Third-year student Christine Reinhart says she wishes the simulation facility had been available during the earlier years of her veterinary education. She recently used the equine model in a third-year equine surgery class.

“We used it for the colic situation, which is an emergency situation for horses. Even if we see a colic in the college, it is an emergency. We might not get a chance to actually feel what it feels like.
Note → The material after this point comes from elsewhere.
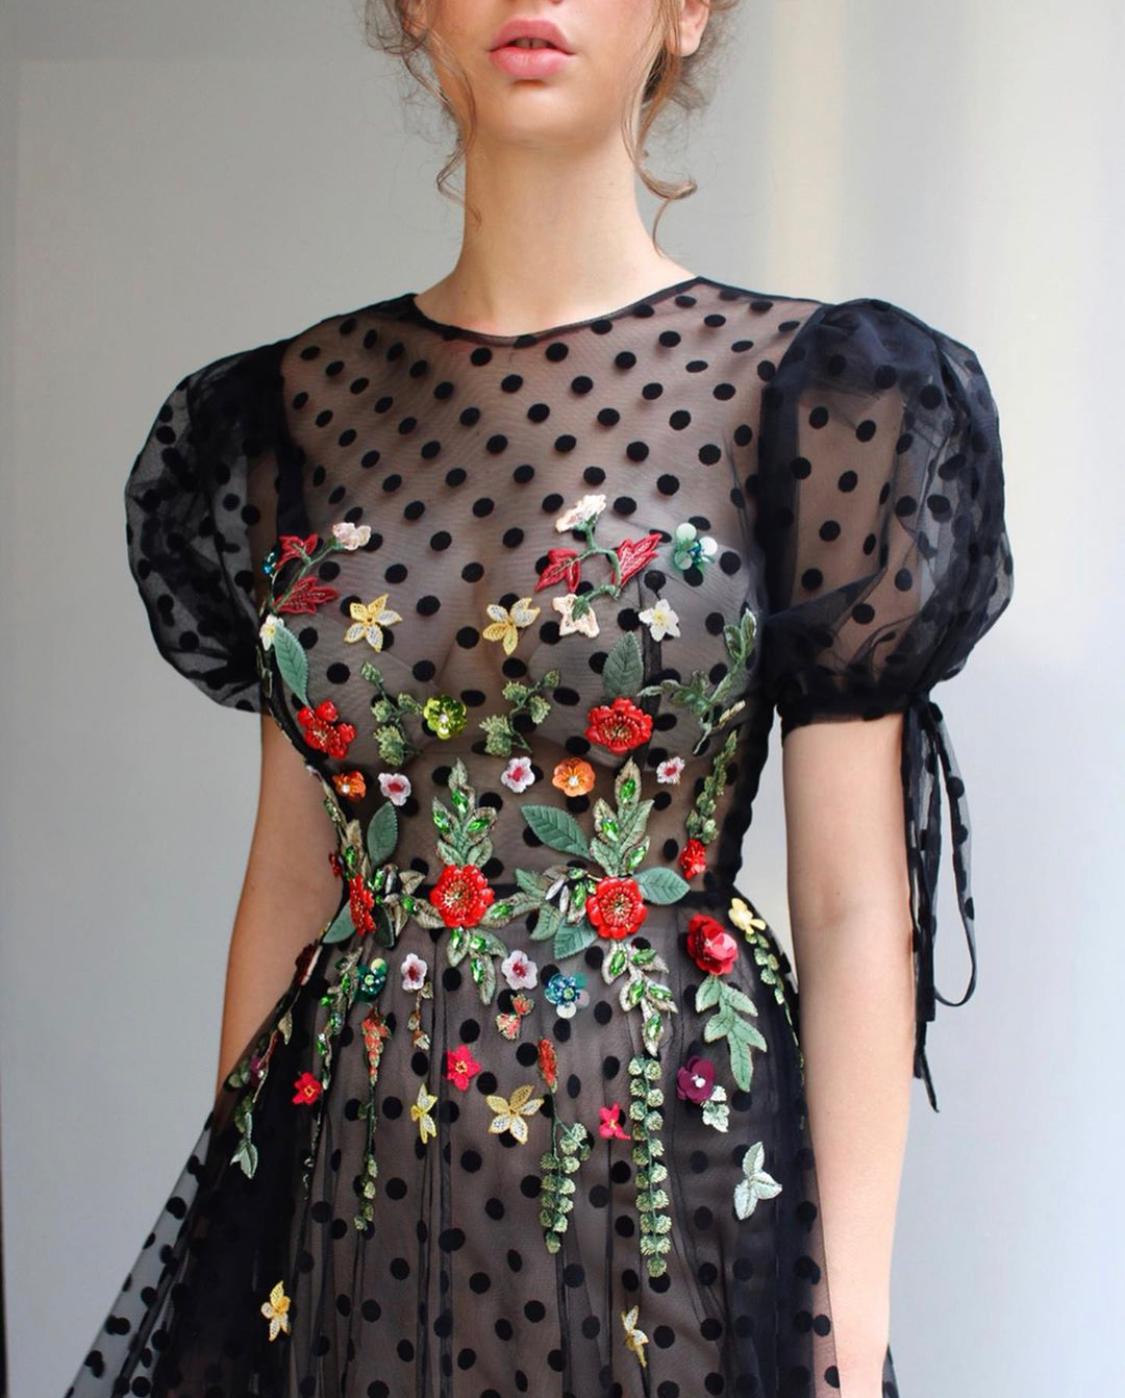 Black A-Line dress with dotted fabric, short sleeves and embroidery

When they can set up a situation and it’s very low stress, you can get a really good learning experience from it,” she says.

The students who have used the equine model so far are grateful for the EFC’s donation to enhance the simulation centre.

“I think this gift shows that WCVM has a really strong relationship with the community and that they think our initiatives are important and worth investing in,” says Reinhart.

Sheedy echoes this statement.

“I feel happy that there are organizations that are willing to support us. That they’re standing behind us and they value our education and they’re willing to put forth that kind of money in order to help us with our education,” says Sheedy. “I want to say thank you.”